If the US Central Bank is really serious to stimulate economy and wants prosperity then it should think beyond and act by cutting 0.25 pct interest rate that it pays to banks on funds they deposit and instead FED should push down the rates into negative territory, which means that if a bank wants to place their deposit with FED, then the bank will have to pay charges to US Central Bank for placement of funds. If FED goes for 3rd bond purchase then I would like to question the reasoning as FED’s liquidity injection since 2008-09 has pushed bank reserves over USD 1.5 trillion, which is well above the banks reserve requirement that clearly indicates that banks are in no mood to lend their money. The purpose of quantitative easing is to bring stability, increase business activity and create new jobs.
Pushing of interest rate into negative territory is a very effective tool that was most recently applied by Denmark Central Bank in July this year and its economy is reaping positive result. Switzerland too is seriously considering negative bank deposit rates to weaken Swiss Franc. European Central Bank has already slashed its deposit rates to zero pct and I will not be surprised if magician Draghi comes up with negative deposit rate surprise.
GOLD @ $ 1735.40 – This week move in gold will largely depend on ECB and FED factor. We are likely to see choppy and volatile session with wide trading range. Technically, $ 1755 is the next level to watch, break will open gates for a test of $ 1785-95 zones. A fall below $ 1690 will confirm top seen and a drop to $ 1655. Break here would encourage to test $1620-30 zones.
EURO @ 1.2815 – Hard to predict in view of important events during this week, but choppy trading condition to prevail. Initially we could see Euro capping below 1.2920 and could exhaust around 1.2850-80 zones for a minor correction, but 1.2720 should hold for another upside attack. Only break of 1.2940 threaten for an attack toward 1.30’s. However, break below 1.2650 confirms top seen. Range for the week 1.2520 – 1.3050
GBP @ 1.6008 – Cable may find good support around 1.5880-00 levels, but I will never be comfortable around 1.61-62 zones, as UK has its own problem.

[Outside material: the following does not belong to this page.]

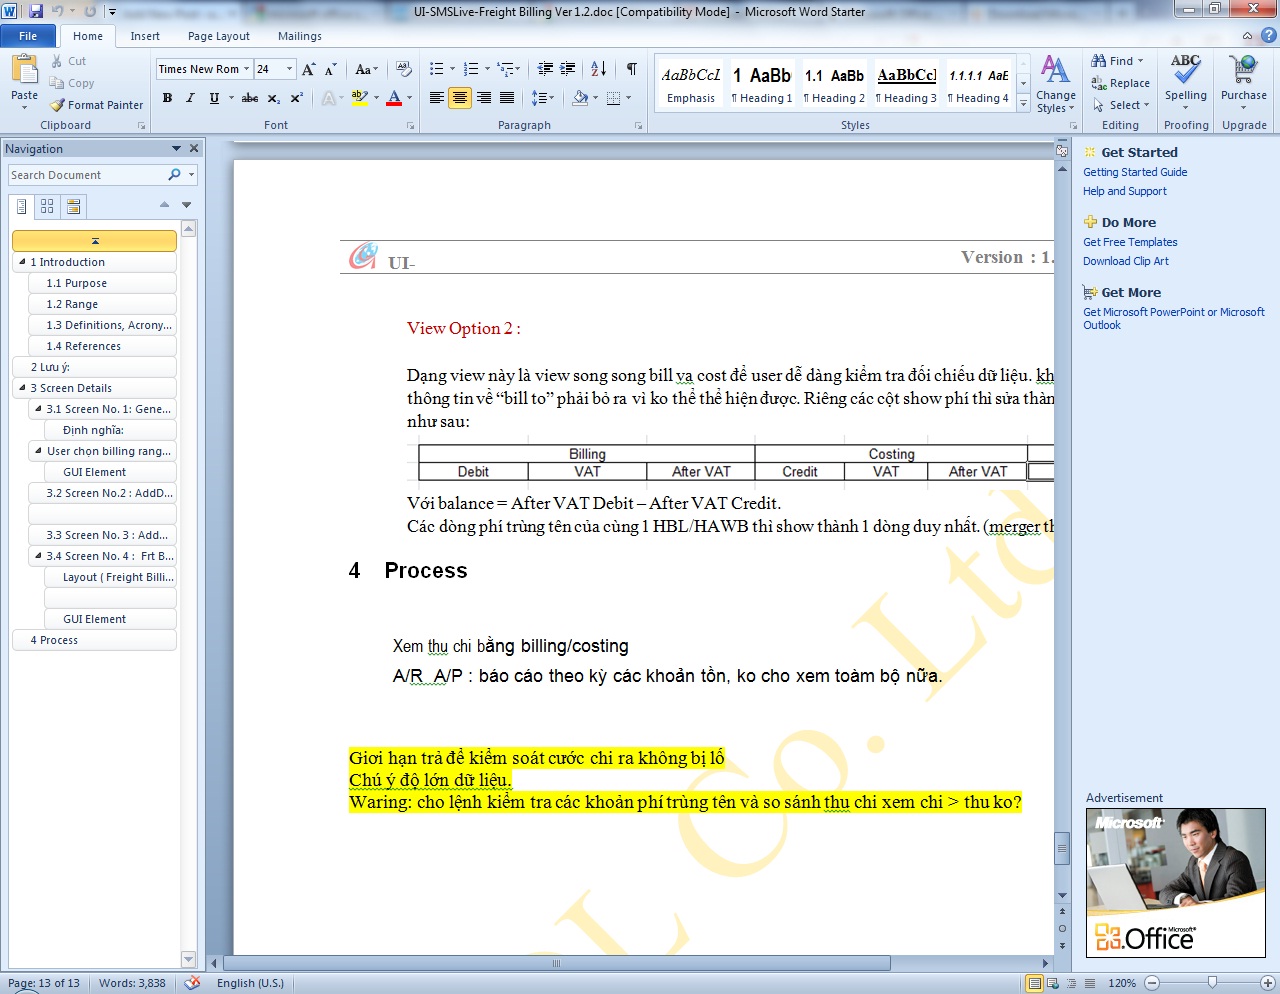 Microsoft Office Starter 2010 - Link tải bản cài đặt miễn phí từ Microsoft

For long anything above 1.62 should be good opportunity to book profit especially for deposit holders. However, fall below 1.5820 confirms top seen. Range for the week 1.5750 – 1.6280
JPY @ 78.25 – Japanese currency will continue to enjoy its safe haven status and to keep track of Japanese currency follow US 10-year treasury yield, as yield gains on hope of QE3 is likely to support Yen, but resistance is around 77.20-40 zones. On the up, break of 78.90 will encourage a move towards 79.20. Ranges for the week 77.20- 79.20
CHF @ 0.9440 – Swiss Franc weakened against Euro on fear that SNB could raise the floor from current 1.20 rising to test the highs of 1.2155. However, I do not see SNB acting, as it would rather prefer to wait for this week’s event. Swiss currency has strong support around 0.9350-70 zones and is less likely to make gains beyond this level. Break of 0.9540 could further weaken SFR that may test 0.9595. Range for the week 0.9320 – 0.9680.
AUD @ 1.0385 – Australian Dollar could make some more gains, but may struggle beyond 1.0480 and if this level surrenders top should somewhere around 1.0550. Any up move would be good opportunity to short the Australian currency for bigger drop. Break of 1.0250 will encourage for further fall towards 1.0180. Range for the week 1.0150 – 1.0580.